Однако в конце 60-х — начале 70-х годов по этому вопросу развернулась бурная дискуссия. И.П. Засецкая вновь подняла все материалы по диагональным погребениям, количество которых во много раз увеличилось, и выступила главным образом против категорических высказываний Е.К. Максимова (1966), полностью поддерживавшего первоначальную концепцию К.Ф. Смирнова, к тому времени уже несколько видоизмененную автором. Хотя К.Ф. Смирнов по-прежнему связывал диагональные погребения с роксоланами, он допускал теперь, что данная форма погребений не была единственной для роксоланского племенного союза. К тому же, по мнению ученого, эти погребения могли принадлежать также отдельным родам других сарматских племен, в частности аланам и аорсам. Оставлены они, как думал К.Ф. Смирнов, представителями господствующей аристократии, выделившейся из среды роксоланских и алано-аорских племен в первые века нашей эры (Смирнов К.Ф., 1959, с. 319).
Проведенный И.П. Засецкой анализ всего имевшегося археологического материала позволил ей, как представляется вполне справедливо, утверждать очень малую вероятность отождествления роксоланов с диагональными погребениями (1974, с. 121).
Раскопки 60-х годов в южном Приуралье и увеличение числа ранних диагональных погребений, бесспорно, связанных с могилами женщин-жриц, позволили М.Г. Мошковой говорить об отражении, очевидно, социальных явлений и каких-то религиозных представлений в диагональном обряде захоронения (1972а, с. 71). Отказался от отождествления диагональных погребений с роксоланами и К.Ф. Смирнов, подчеркивавший именно «различное социальное положение отдельных представителей родовых групп кочевников, что, вероятно, часто определяло и разные формы захоронений, особенно формы могил, как это известно по этнографическим данным» (1974, с. 34).
Дискуссия, происходящая по поводу диагональных захоронений, является частью очень сложной теоретической проблемы — можно ли рассматривать форму погребального сооружения как один из основных этнических признаков для выделения отдельных племен из многоплеменной сарматской общности. Высказывалось, например, предположение, что подбойные погребения Нижнего Поволжья и Северного Кавказа II–IV вв. н. э. принадлежат гуннам (Нечаева Л.Г., 1961). Не менее жаркие споры идут и по поводу соотношения катакомбных погребальных сооружений с ранними аланами (Мошкова М.Г., 1983, библиография).

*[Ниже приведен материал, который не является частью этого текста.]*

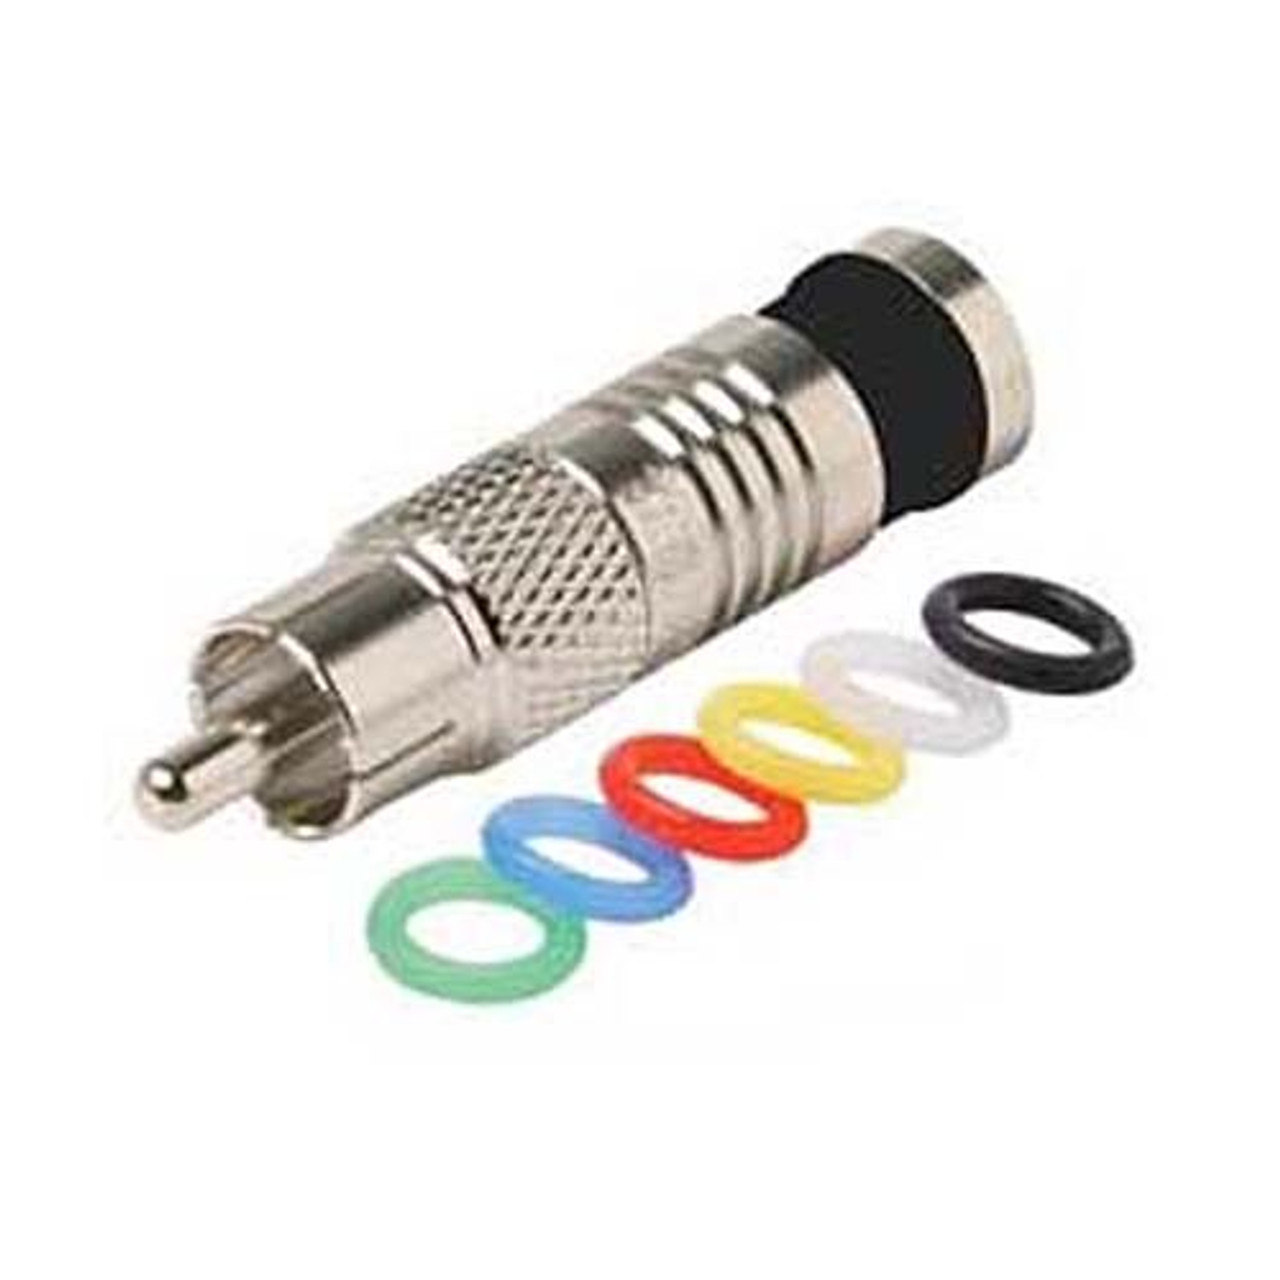 Steren 200-066-10 RCA to RG6 Cable Compression Connector with Color Bands Anti Corrosion 10 Pack Nickel Plated Brass Six Color Bands AV Plug Signal Component Replacement RCA Perma Seal, Part # 200066-10

Множество самых разноплановых вопросов связано с последним периодом в истории сарматов, когда почти синхронно (вторая половина I в. н. э. и первая половина II в. н. э.) происходят два события: в письменных источниках появляется название нового мощного кочевого объединения алан, а на просторах Азиатской Сарматии формируется позднесарматская археологическая культура.
Неминуемо возникла проблема — являются ли аланы создателями и носителями позднесарматского археологического комплекса, а если нет, то когда, откуда они появились и как соотносятся с сарматским этносом? Все эти вопросы дискутируются очень давно, но однозначного решения пока не имеют.
Впервые П. Рау в конце 20-х годов в одном из своих первых исследований отождествил археологические памятники стадии В (III–IV вв. н. э.) нижнего Поволжья с историческими аланами. Он представлял себе, что мелкие разрозненные сарматские племенные объединения раннеримской стадии к III в. н. э. сливаются в единую народность, известную древним авторам под именем аланов (Rau Р., 1927, s. 79, 111, 112). Б.Н. Граков (1947в, с. 120, 121) и К.Ф. Смирнов (1947, с. 82) придерживались этой же позиции. В одной из своих работ К.Ф. Смирнов достаточно определенно заявил, что аланы «вызревали как самостоятельная политическая и военная сила внутри сарматской конфедерации III–II вв. до н. э., возглавленной аорсами. Первые исторические известия об аланах застают их на тех же местах, где до того времени жили аорсы» (1950а, с. 108). Вообще появление нового мощного объединения кочевых племен следует объяснять, скорее, какими-то политическими перегруппировками внутри сарматской этнокультурной общности, чем миграционными процессами.